The night was, well, a nightmare which I spent mostly sitting upright in a lounge chair and alternatively drinking hot tea and applying cold compressions. Early Sunday morning a quick dash into town to wait for the only 7-days-a-week chemist to open its doors. Waiting until 10 o'clock was probably the longest hour in my life.

Bought a bottle of Oil of Cloves and 24 Codeine tablets. Could've swallowed the lot but took just one as directed - and within five minutes or so I was wondering where the pain had gone. Great! But it was back a couple of hours later and I kept taking them all day and half the night through until Monday morning when I saw Cindy Lai.

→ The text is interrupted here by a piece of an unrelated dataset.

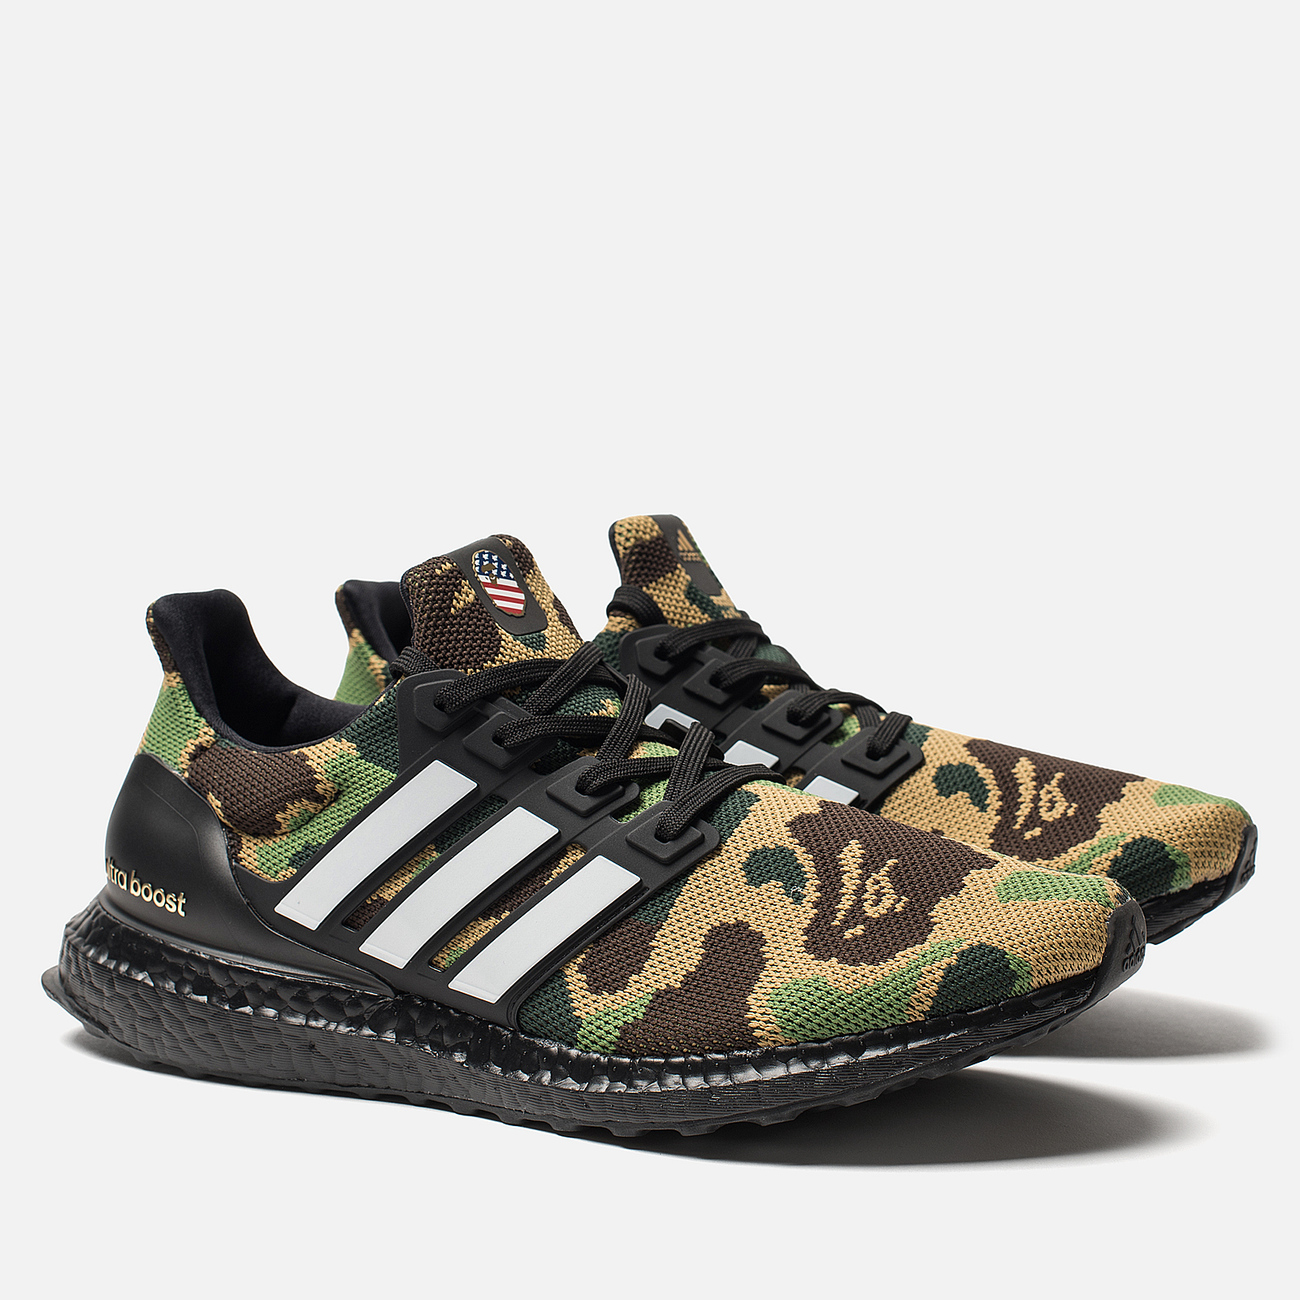 adidas x bape release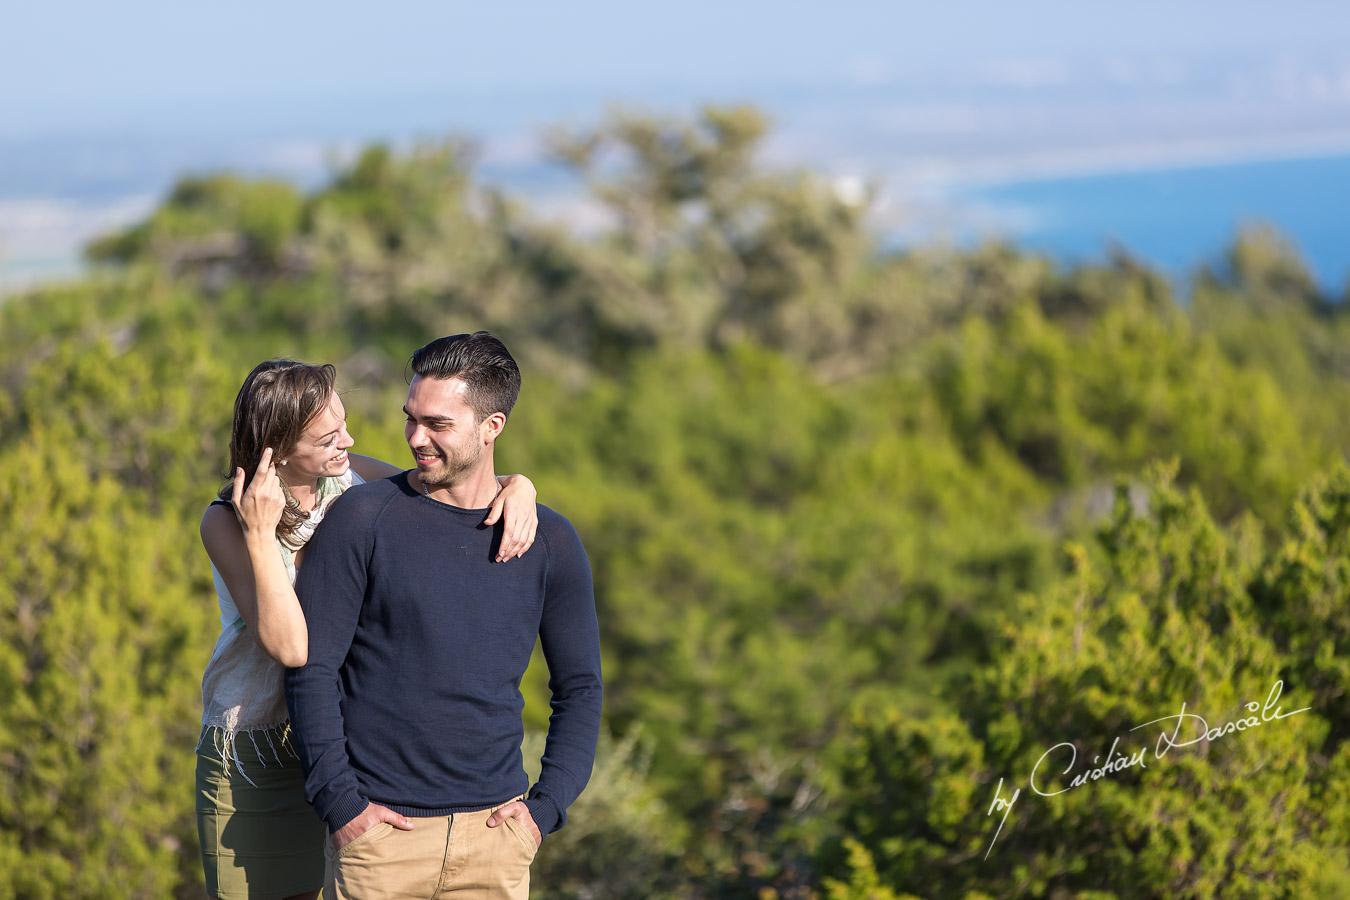 Love at first sight - Karen & Martins at Kurion Cyprus - 02

Cindy is an attractive Chinese lady who makes me turn to jelly every time I see her - but mainly because she's a dentist. But let's be kind to dentists, they have fillings too, and Cindy is very popular with her patients, almost all of whom are Cauc-asians as she doesn't judge people by the colour of their skin but only by the colour of their teeth. And she's certainly a great improvement on that Vietnamese chap in Moruya I used to see many years ago. I became suspicious of him when I saw a copy of Dentistry for Dummies in his surgery's waiting room.

Sitting in Cindy's surgery, I was waiting to hear the six most frightening words in the world, "The dentist will see you now". The prick of the injection was sharp, but its effect magical. In an instant the lower part of my face ceased to belong to me. I put up one finger and stroked my cheek curiously. It was like stroking somebody else's.

The extraction wasn't easy and for a moment I thought Cindy had dislocated her wrist but her hand came out of my mouth, tooth and all, after which she put it into my wallet. The bill seemed about three times her normal fee which may have been because my loud screaming had scared away two other patients.

Financially, mentally and physically depleted, I drove myself home. "Has your tooth stopped hurting?" the wife asked. "I don't know", I said. "The dentist kept it."